Dañan Imagen Vaca Criolla

Q ue por simple envidia, pequeñas diferencias o intereses creados se hable mal de una persona, puede verse como cosa común y corriente; pero, cuando a quien se ataca con argumentos falsos que caen en el terreno de la calumnia y el descrédito es a una vaca –animal productivo y noble, pero indefenso e irracional al fin–, es una barbaridad, por no decir que un crimen.

Así es como hay que ver una bien calculada estrategia del sector importador de leche en polvo del país, que por quedarse solo en el mercado del alimento ha pasado del viejo y manejado argumento de que aquí no hay producción para cubrir la demanda nacional, a una agresiva campaña mediática de descrédito, ya no contra hacendados y pequeños criadores locales, sino directamente contra las propias vacas criollas, poniendo en entredicho su salud y, por ende, la calidad de la leche y la carne de las mismas. El tema de la brucelosis, que siempre la ha habido y Ganadería tiene bajo control, es el mismo aquí y en los países de donde proviene la leche en polvo que se importa.

Como lucha de intereses, que es lo que hay en el fondo, se entiende el esfuerzo por apropiarse del mercado, pero nunca argumentos que se saben perversos contra la calidad del producto proveniente del campo dominicano, porque ponen en peligro y pudieran llevar a la quiebra a un sector vital de la economía, como la ganadería. Sólo imaginárselo es para dar grima.

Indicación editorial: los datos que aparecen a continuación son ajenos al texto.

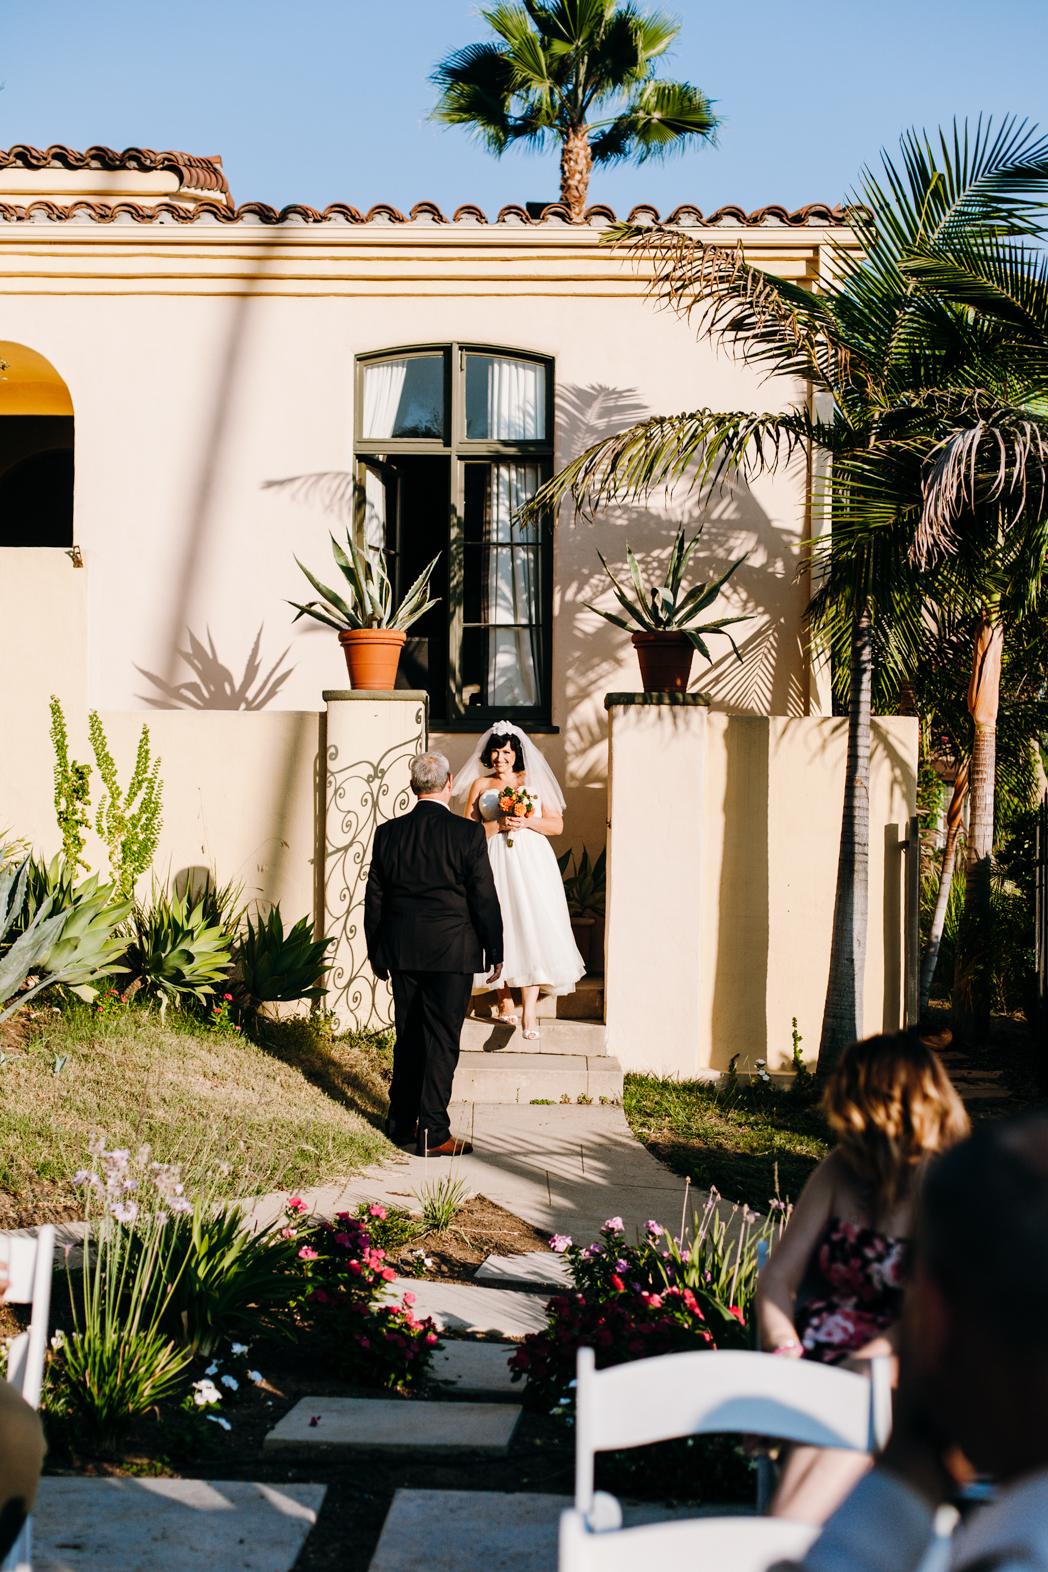 KaraNixonWeddings-LosAngeles-Wedding-9.jpg

Para que se tenga una idea, mal contados, unos 350 mil o 400 mil dominicanos tienen trabajo fijo en las distintas fincas o pequeños hatos en todo el país, además de los temporeros utilizados en chapeos y otras labores del campo. Fuera de las estadísticas posibles, hay cientos y cientos de campesinos sin finca que tienen una o dos vaquitas que pastorean en caminos o que sueltan donde un amigo, garantizando la leche de sus hijos y la venta de algún sobrante.

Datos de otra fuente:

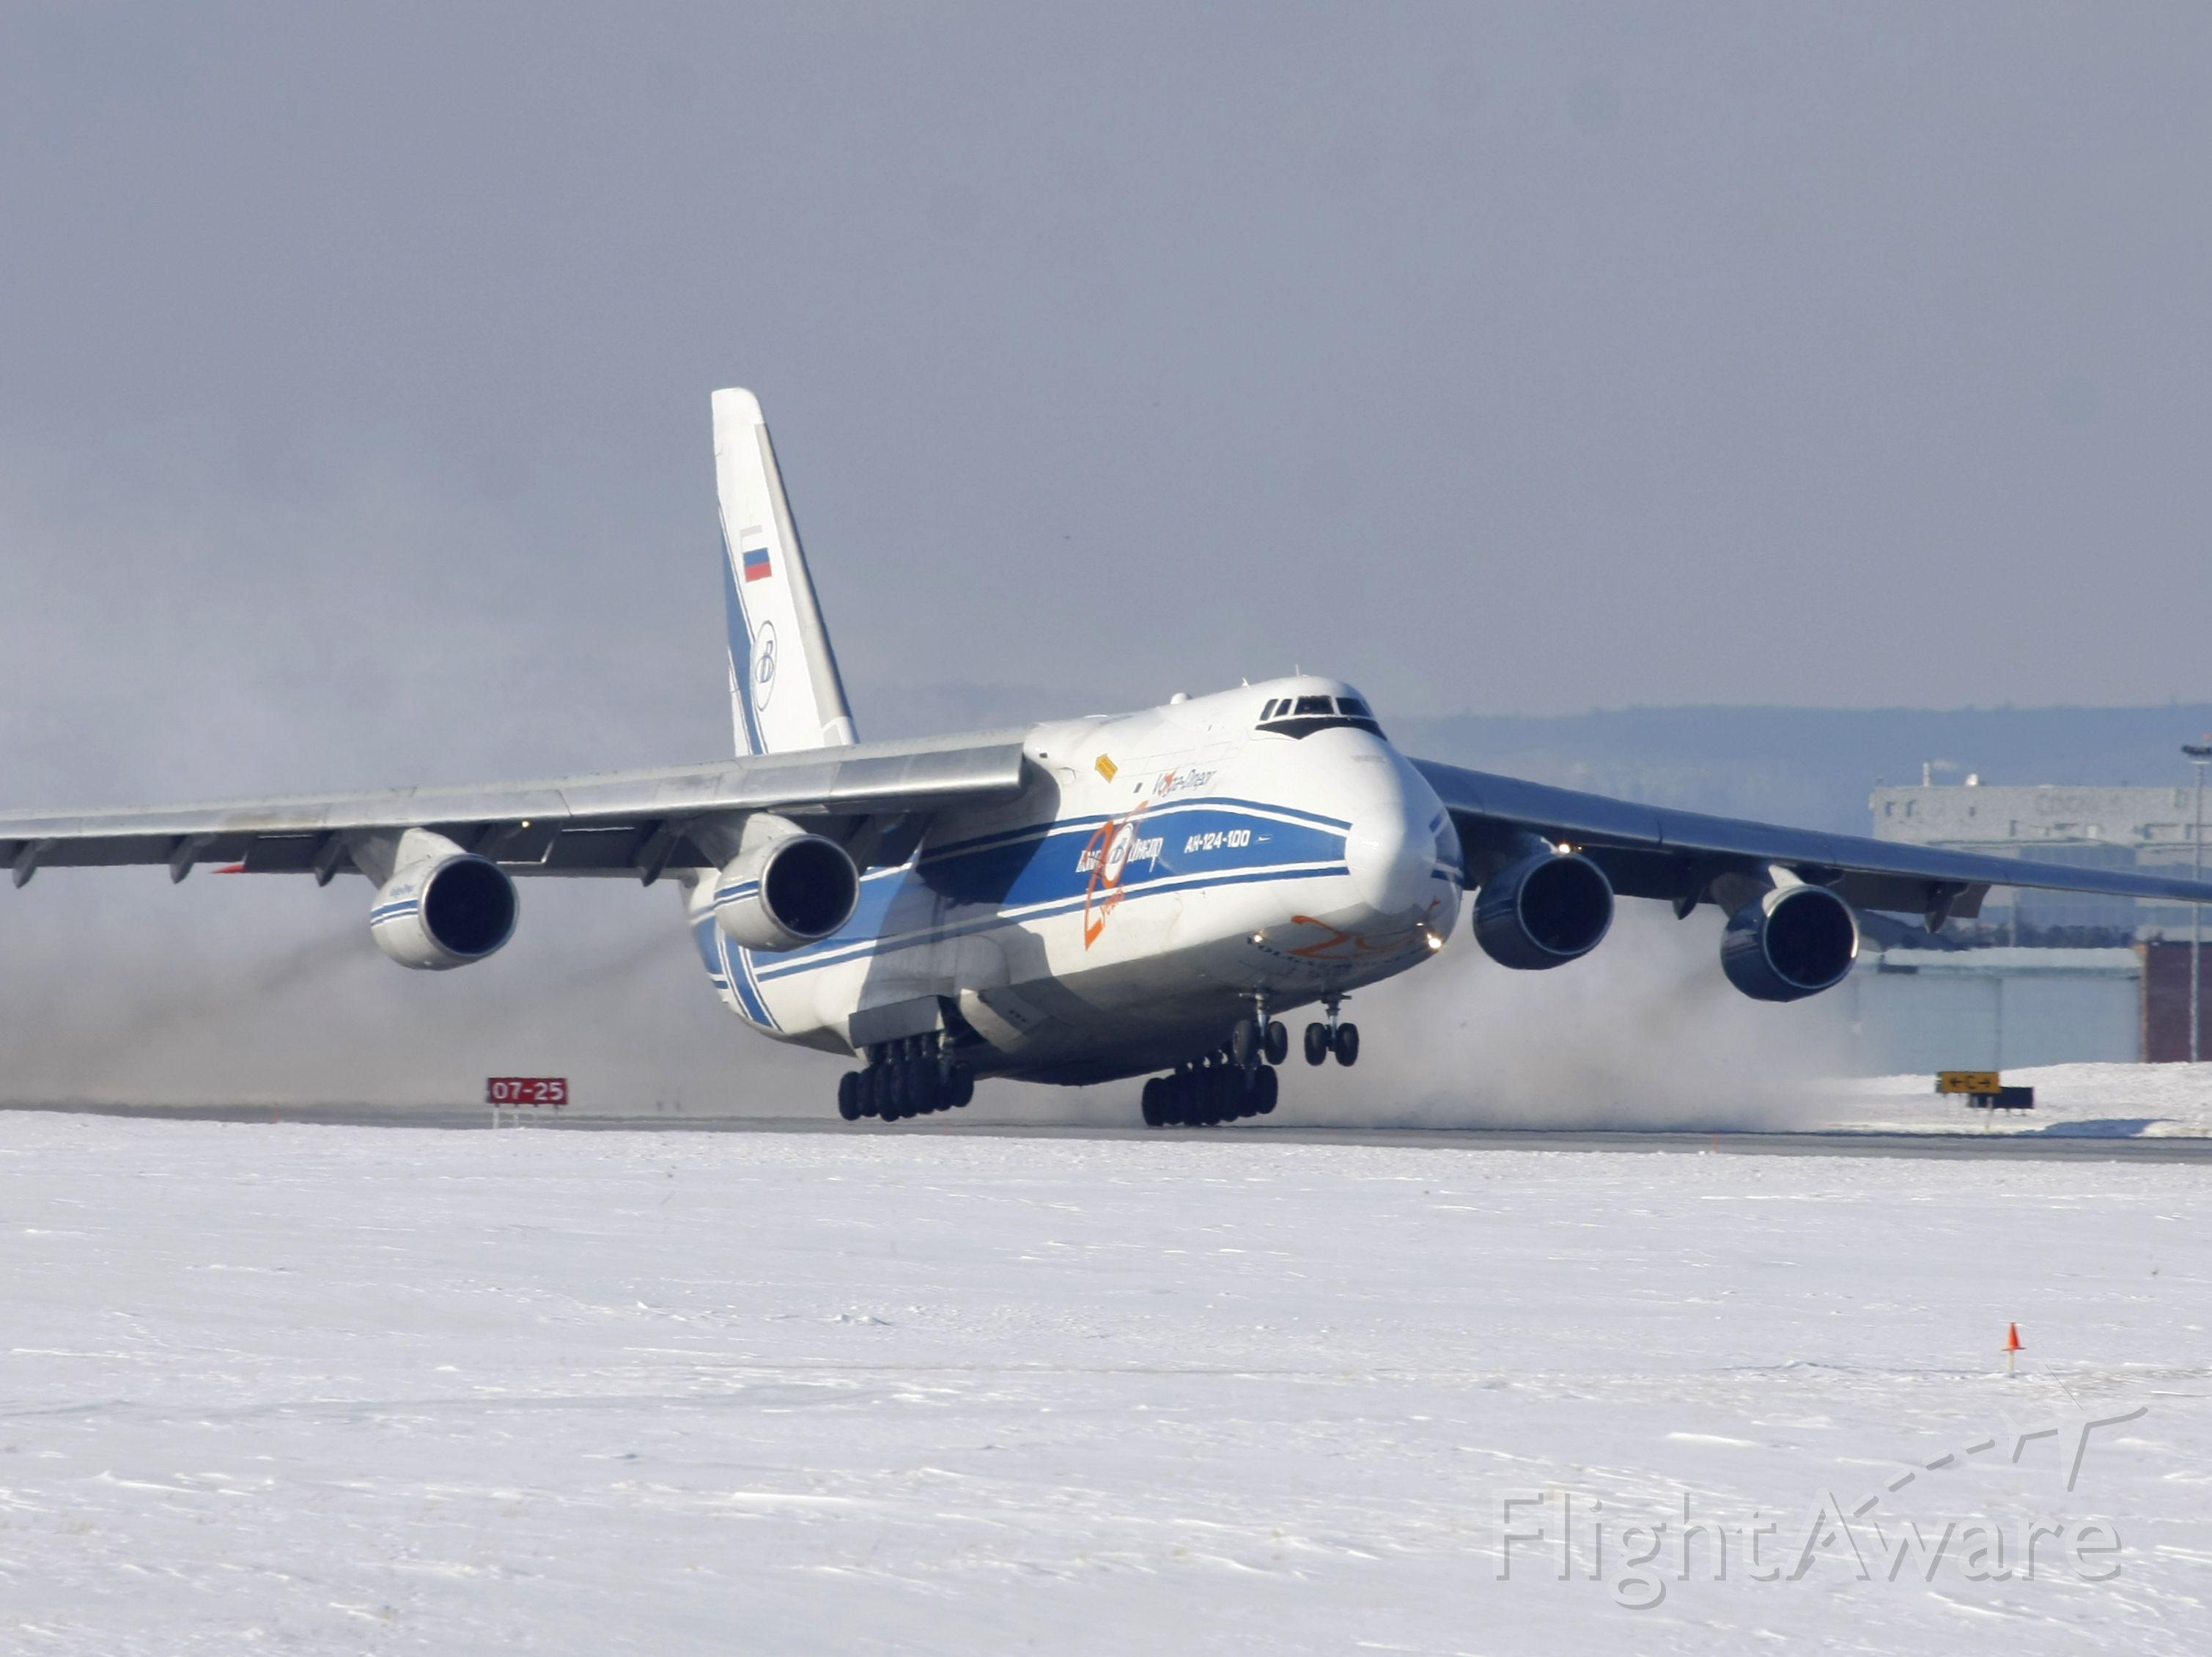 Antonov An-124 Ruslan (RNA82045) - The Russian Blizzard Maker lifting off Runway 14 on Feb 11, 2011 as flight VDA2118 to KNUQ

Los importadores de leche en polvo, sin embargo (no serían más de tres o cuatro), con un personal mínimo para hacer los pedidos, resuelven, y lo demás es ganancia para el bolsillo. Los ganaderos, que lucían de brazos cruzados, parecen despertar y sacudirse frente al peligro. Ahora, vía el Patronato (hay cientos en el país que no están asociados y nadie escucha su lamento) han pegado el grito al cielo y hay que escucharlos antes de que sea tarde. ¡Hay más!